Dishonored

I bought Dishonored from Steam. I considered getting it for my Xbox, but didn’t because I was hoping that it would be opened up for mods eventually and because the load times for PC were much faster. The load times were a major decision point for me as I don’t play many stealth games and I knew I would want to be able to obsessively use quick saves to avoid getting frustrated and I didn’t want to spend half my playing time starting at loading screens.
The game begins very similarly to Skyrim, although instead of a wagon ride to the executioner’s block, you are on a boat headed to meet with the Empress. Things go bad quickly with the murder of the Empress, disappearance of her daughter and heir, and Korvo, the main character, being framed for the murder then imprisoned and tortured. The rest of the game involves escaping prison and then finding out who was behind the murder and bringing the evildoers to justice.

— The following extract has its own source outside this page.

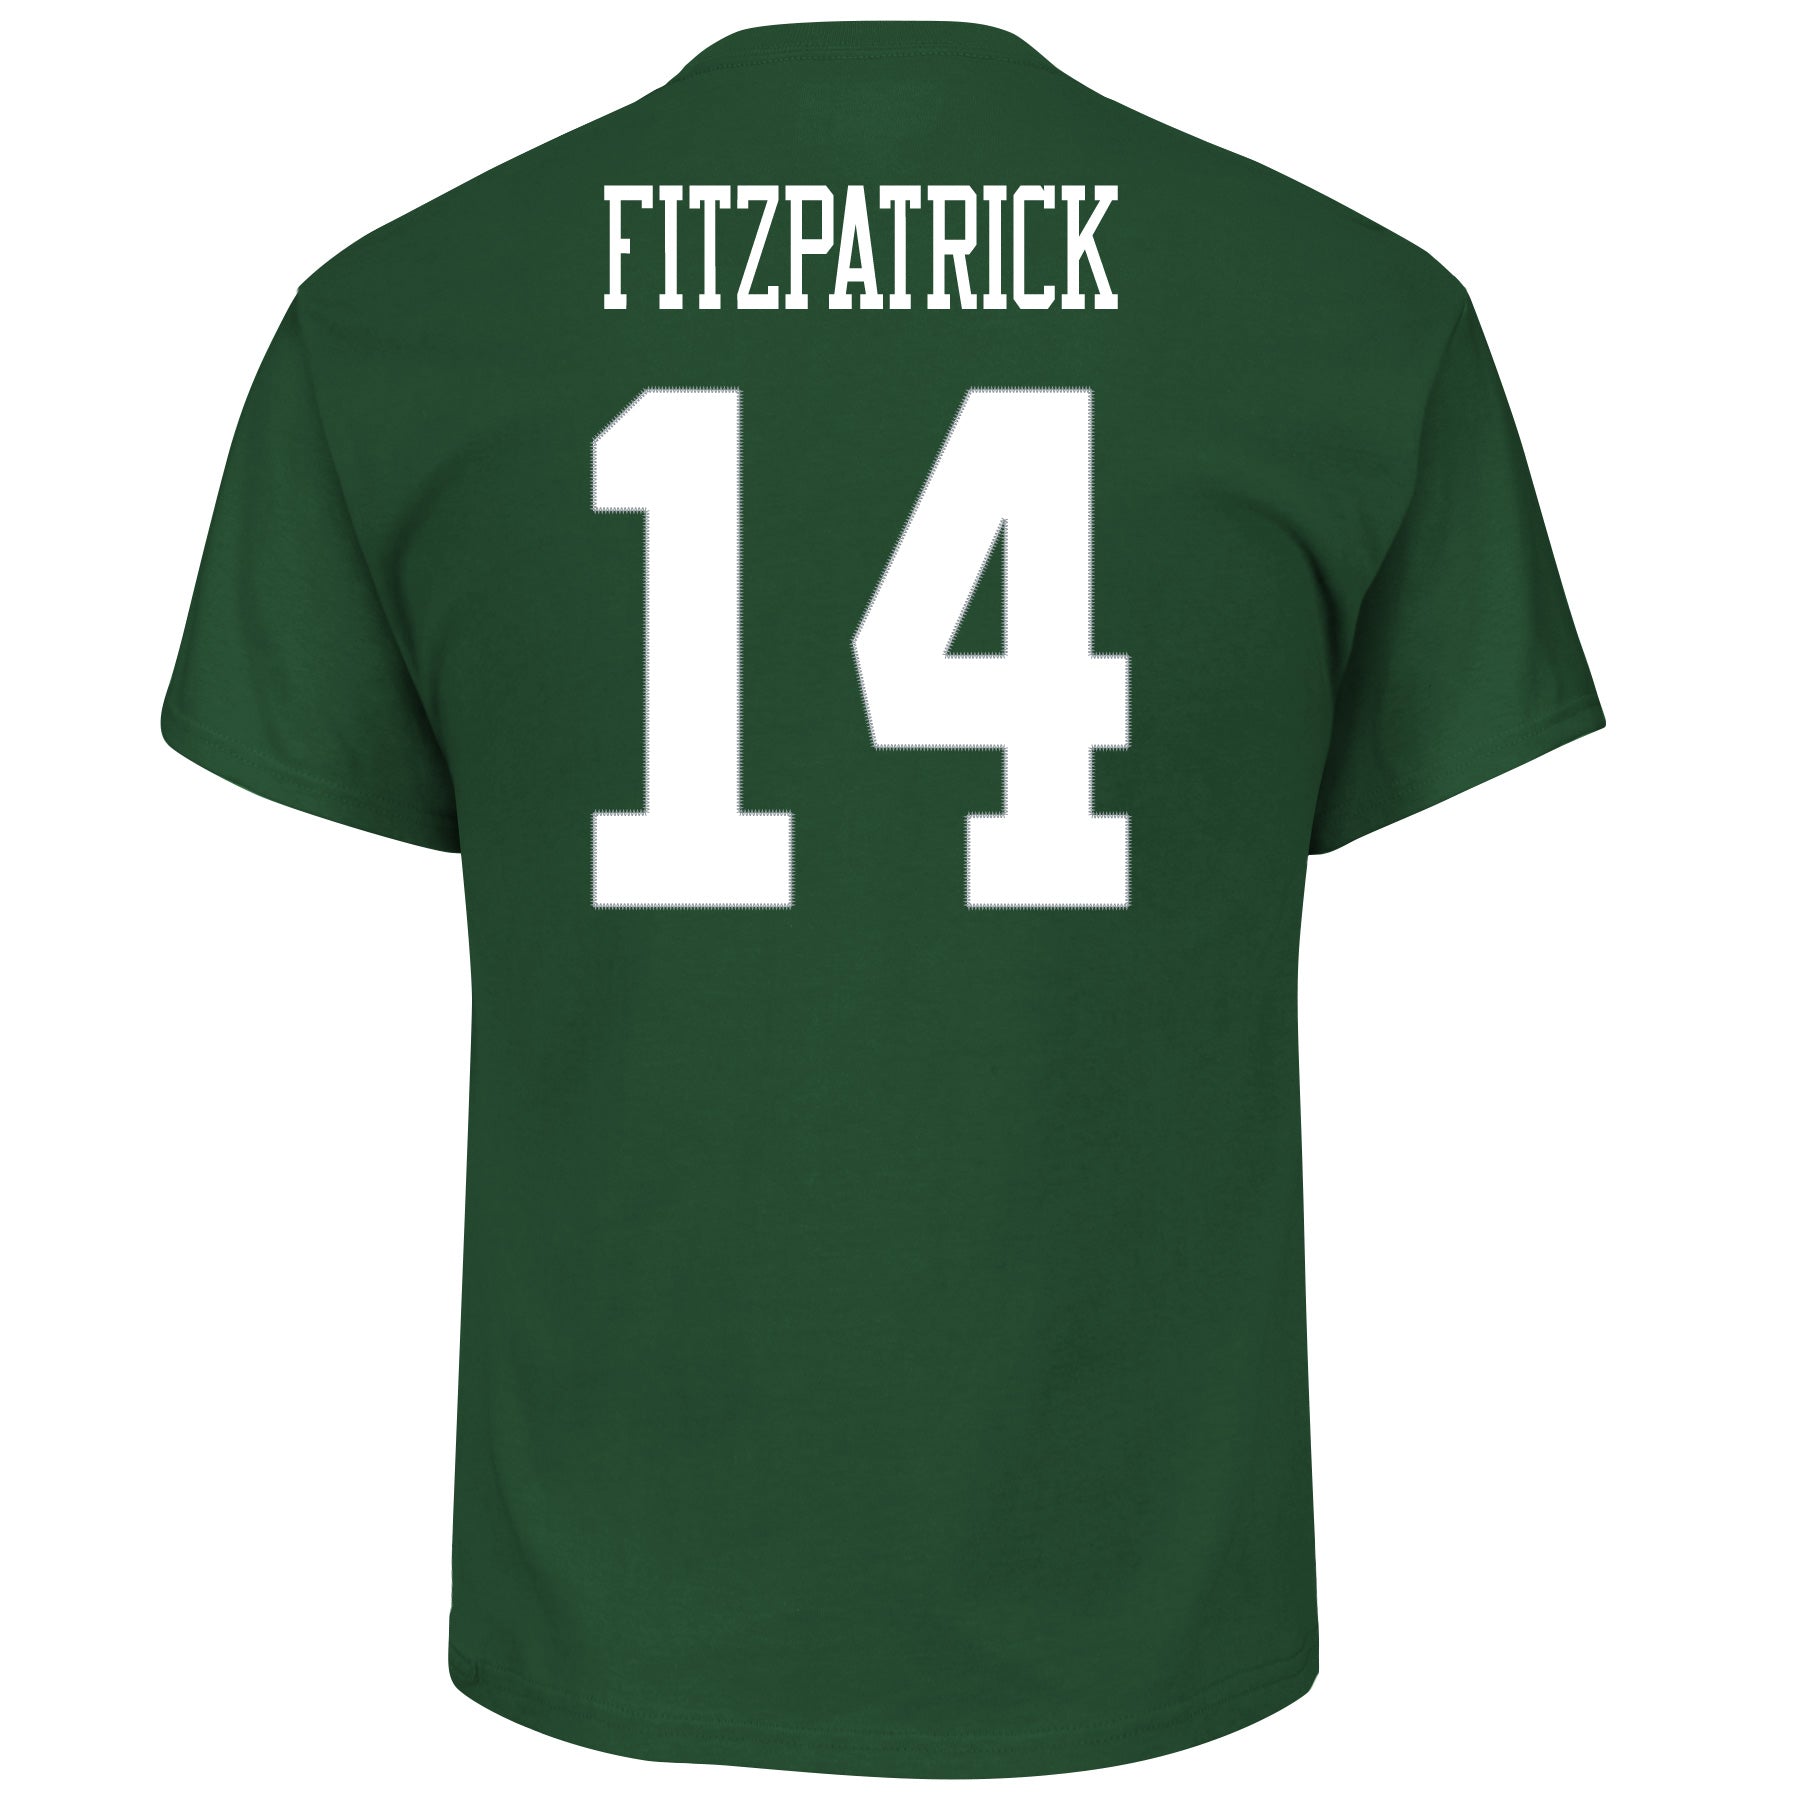 fitzpatrick jets shirt

Unlike Skyrim, Dishonored is not an open-ended game. It is split into nine missions plus some interludes, with each mission having a specific goal that Korvo must accomplish. The freedom in Dishonored comes from the many ways in which you can achieve the mission goals. All of the missions have optional objectives and offer both lethal and non-lethal ways of completing the missions, plus you have myriad choices in how to make it through the mission map and deal with obstacles and soldiers.

The actual stealth gameplay reminded me quite a lot of Rocksteady’s Batman Arkham City. So much so that I overly relied on sleep darts and the Blink and Dark Vision powers for more than half of the game. While it was fun to play that way, I was missing out on some fun by not making use of Possession and Bend Time as well.

I completed the game with the low chaos (good) ending in about 20 hours. I chose non-lethal solutions to all of the missions, although I did blunder around a bit in the first few missions so I didn’t completely get away without killing everyone. I say this just about every time I finish I game I enjoy that offers multiple endings, but I’m looking through to playing Dishonored a second time. Of course I never finish these second goes, although I think I have a pretty good shot and succeeding with Dishonored.

At one point in a mission, I was trying to get past a locked door but I couldn’t find the key. I realized could keep sneaking around hunting for it, which would take a long time while trying to keep from getting spotted, or I could look on YouTube, or I could make a save point and just go on a rampage until I found the key. I ended up taking the rampage option and had a lot of fun cutting loose with Korvo. While I never did find the key, I did figure out an alternate way past that door and had a lot of fun doing it.

In the time I spent playing more assassin than thief, I found that the game played quite a bit differently, and I think this’ll make a difference in keeping me engaged a second time through.